Outra solução supostamente moralizadora implantada pelo Judiciário também gerou em gambiarra política em destaque esta semana. Desde quinta-feira, está aberta a janela de um mês para que deputados federais e deputados estaduais troquem de partido sem correrem o risco de perderem os mandatos. A chamada infidelidade partidária também foi proibida por decisão do Stf. Era novembro de 2008, outra decisão por 9 a 2. Mais uma vez, o Judiciário legislou, tomando iniciativa no vácuo parlamentar para moralizar a conduta política. E foi mais um esparadrapo.

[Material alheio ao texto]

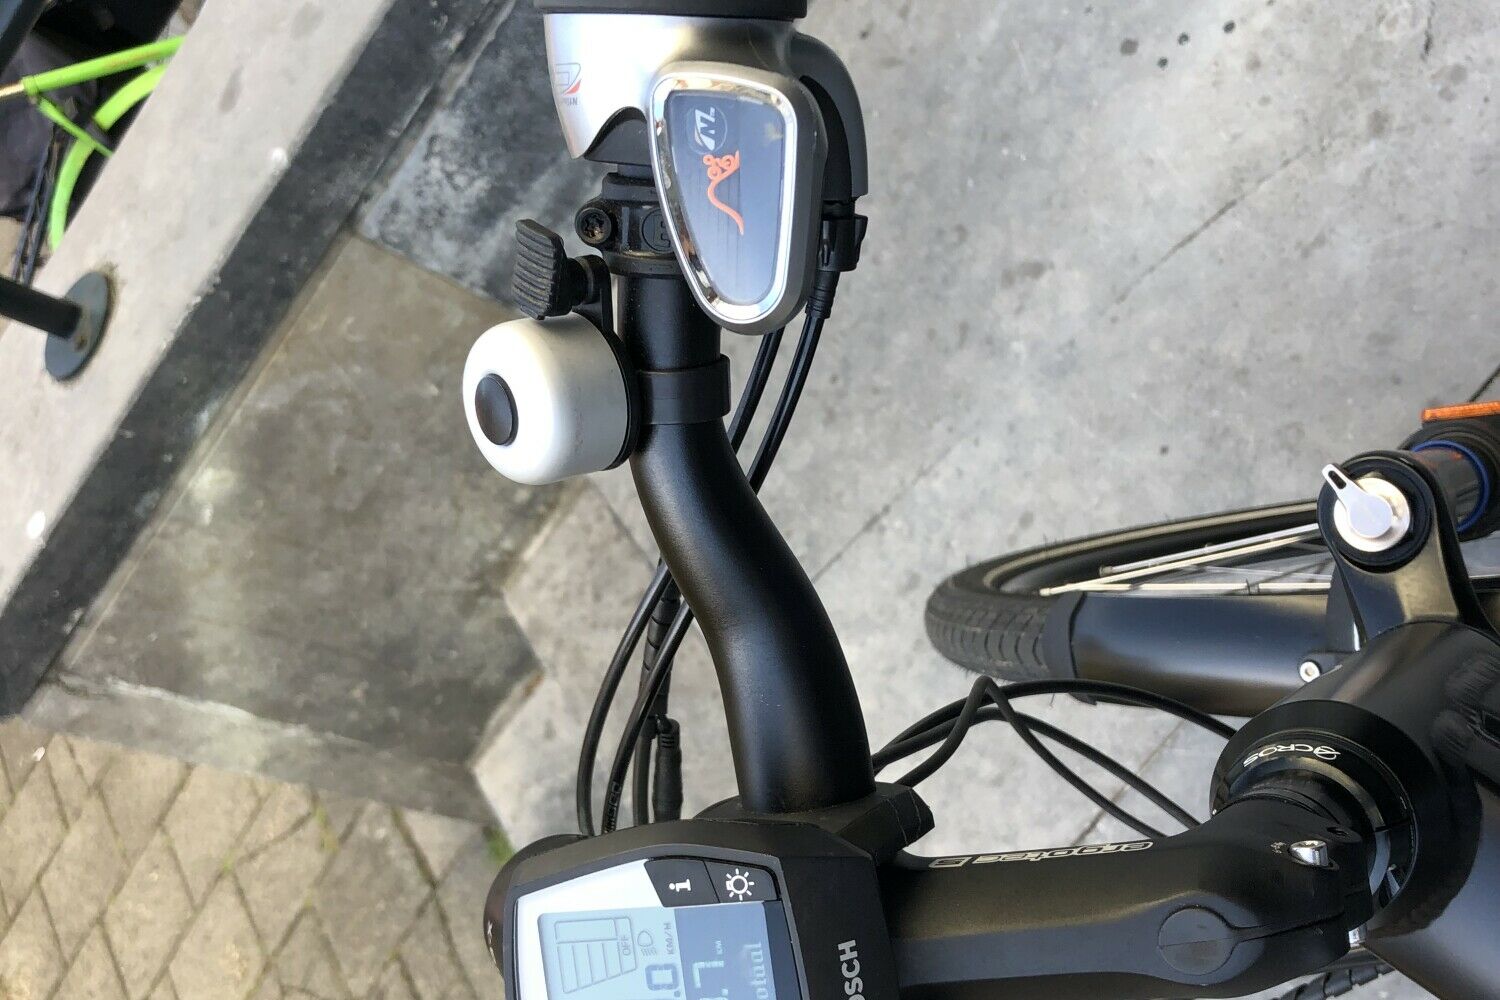 Riese & Müller New Charger HS/45 km

Para criar rotas de fuga, os políticos usaram as brechas dadas pelo próprio Stf. A primeira foi a "justa causa". Alguns advogados bem relacionados nas cortes viraram até especialistas em fazer as travessias com justificativas de perseguição interna ou algo assim. Depois, mais sofisticada, a brecha que permitia a mudança de partido caso fosse para uma legenda recém-criada. Nasceram partidos a rodo para justificar as trocas, tornando ainda mais artificial um sistema partidário que já representava muito pouca coisa. Mas ainda era pouco. Em um dos remendos periódicos que o Congresso faz e chama de reforma, os políticos criaram essa janela de 30 dias no ano eleitoral para que parlamentares mudem de partido sem desgastes ou justificativas. 

Com ela, a infidelidade partidária ganha hora certa. Mas, claro, a infidelidade não costuma respeitar regras. Então, o que se vê são bancadas informais, políticos eleitos por uma sigla frequentando as reuniões de outra e coisas assim. Até a hora de formalizar a mudança. Maior bancada eleita da Câmara dos Deputados e segunda maior da Assembleia Legislativa, o Psl é uma abstração desde 2019, quando o presidente Jair Bolsonaro deixou o partido. É o exemplo máximo dessa mentira que a vaidade do Judiciário quis.

Até o final do mês, devem atravessar a janela partidária uns seis deputados federais e 10 deputados estaduais só em Santa Catarina. Hecha la ley, hecha la trampa.